Begitu keadaan mulai tenang dan pasar sudah sepi, barulah dia benar-benar memanfaatkan jaringan kakaknya dan masuk ke tim produksi "Sang Gladiator".

Orang yang sudah tiada, namanya pun perlahan dilupakan? Siapa yang tahu? Jika mereka benar-benar, seperti yang diperlihatkan di media sosial, tidak mengenal River, dan sangat membenci pecandu narkoba, lalu bagaimana Joaquin bisa masuk ke tim-tim produksi besar itu dengan mudah? Jika mereka benar-benar menghindari nama River, lalu bagaimana Joaquin bisa memanfaatkan koneksi Harrison Ford dan mendapatkan proyek DreamWorks, serta ikut audisi "Sang Gladiator"?

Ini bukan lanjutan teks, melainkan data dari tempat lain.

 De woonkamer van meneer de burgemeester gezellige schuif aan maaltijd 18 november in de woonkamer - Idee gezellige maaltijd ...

Jadi, di dunia di mana hampir semua orang punya latar belakang, menunjukkan kartu as di awal permainan adalah keputusan yang kurang bijak. Karena kau belum tahu latar belakang lawanmu, tapi sudah lebih dulu membuka kartu sendiri.

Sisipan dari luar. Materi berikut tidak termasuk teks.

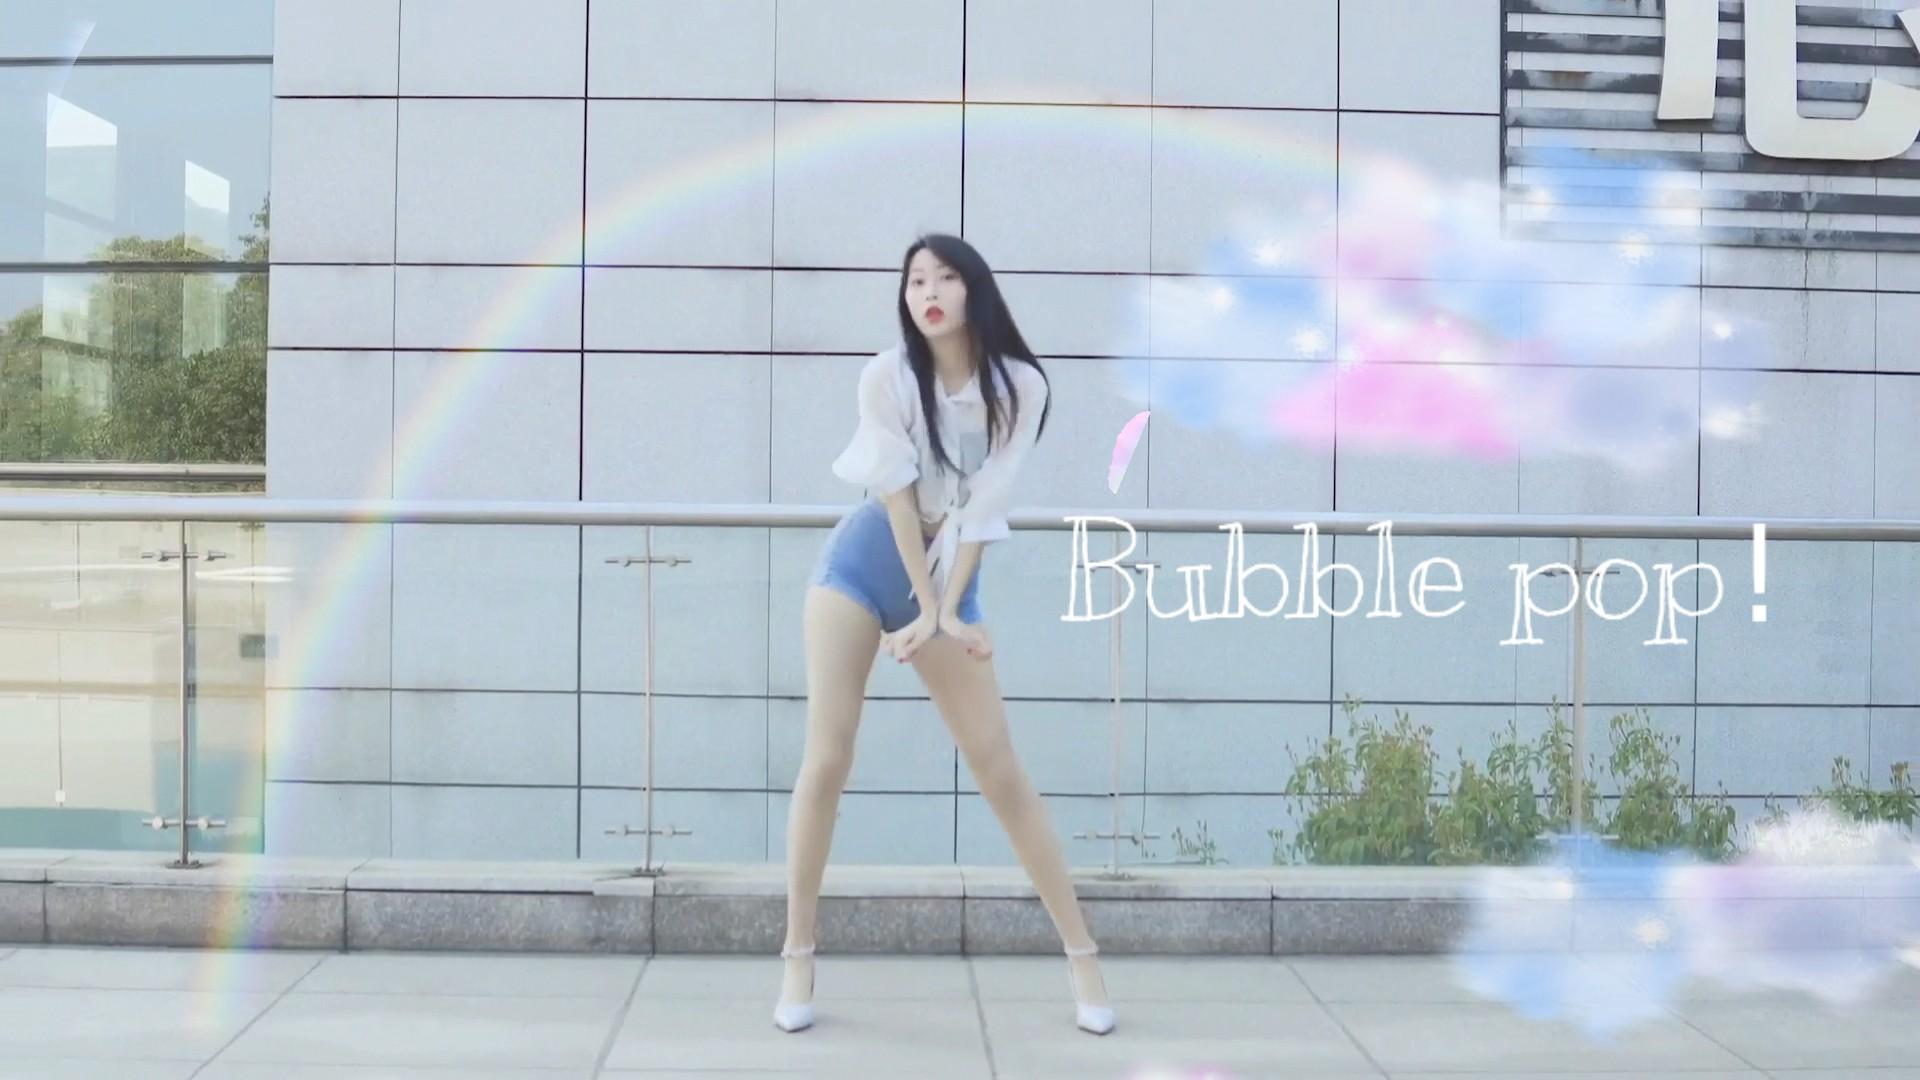 【座山雕】竖屏!bubble pop啵啵啵

“Kau pikir orang-orang yang berkecimpung di Hollywood itu bodoh semua?” David menatap Roland sambil tersenyum, membuka sekaleng cola lalu mendorongnya ke hadapannya.

“Andai aku Chris Columbus, meski aku merasa kau tampil sangat baik, meski penampilanmu sempurna, meski aku yakin kaulah Kevin, aku tetap tidak akan langsung memilihmu setelah audisi selesai.”

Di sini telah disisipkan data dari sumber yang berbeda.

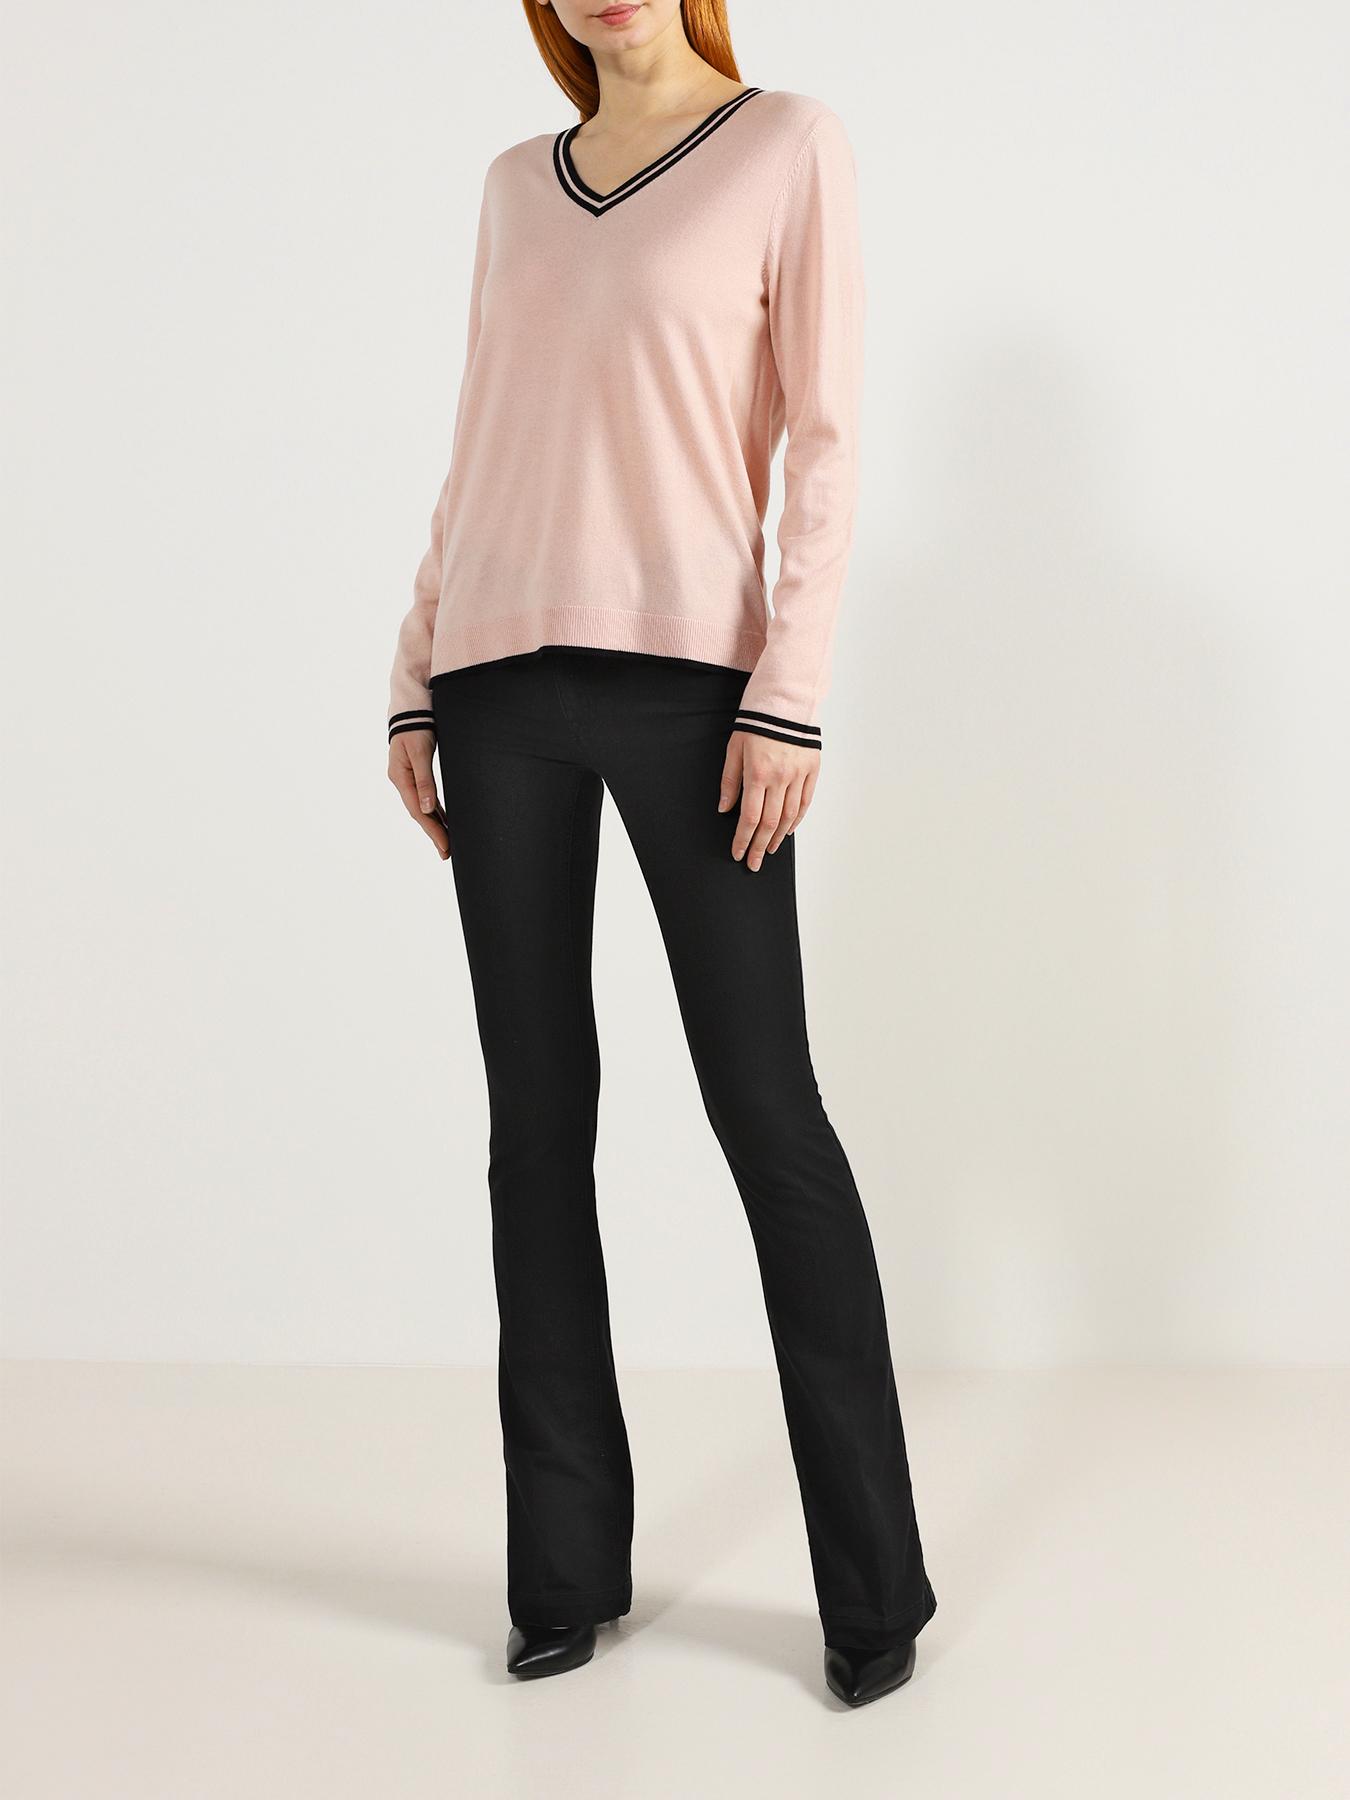 Пуловер Laurel Пуловер пуловер stradivarius stradivarius ix001xw004xq

“Sebenarnya ini masalah yang sangat sederhana.”

“Kenapa kau harus mengungkapkan identitasmu?”

“Bukankah tujuannya agar kau mendapat peran itu?”

“Kalau begitu, membiarkanmu lolos putaran pertama dan masuk ke putaran kedua, bukankah itu pilihan paling aman?”

“Lagi pula, setelah hari ini, masih ada seratus lima puluh orang lagi yang menunggu untuk dipilih olehku.”

Dia membuka tutup botol bir, meneguknya, lalu melanjutkan, “Kau bilang John Hughes sudah punya calon, tapi bagaimana kau bisa yakin, calon pilihan Chris Columbus bukan ada di antara seratus lima puluh orang berikutnya?”

“Kau menganggap Columbus sebagai celah, tapi kau lupa? Columbus justru pemegang kendali utama dalam audisi ini!”

David Olsen adalah seorang pebisnis sejati.

Apa ciri khas seorang pebisnis?

Realistis, rasional, licin.

Karena istrinya, Janet, sudah bilang, pengendali utama audisi ini adalah Columbus, maka jelaslah, dalam pasar yang dikuasai pembeli seperti ini, yang paling tidak perlu khawatir adalah sang sutradara yang memegang semua kekuasaan.

Roland jelas bukan Tom Hanks! Tidak ditawari peran hingga bisa keliling dunia tiga kali!

Tanpa ada tim produksi yang berebut menggaet Roland, andai Columbus bisa ditaklukkan dengan mudah—

Maka permainan ini akan terlalu mudah.

“Kau menjadikan Columbus sebagai ujian, untuk melihat apakah kau bisa mendapatkan peran itu, menurutku itu tidak salah.”

“Tapi, jika ingin merebut peran ini dalam satu hari dari pasar yang dikuasai pembeli, itu sangat sulit.”

Tatapan David yang seolah menyindir membuat Roland gelisah. Dia menyipitkan mata, menatap David penuh pertimbangan dan kerumitan.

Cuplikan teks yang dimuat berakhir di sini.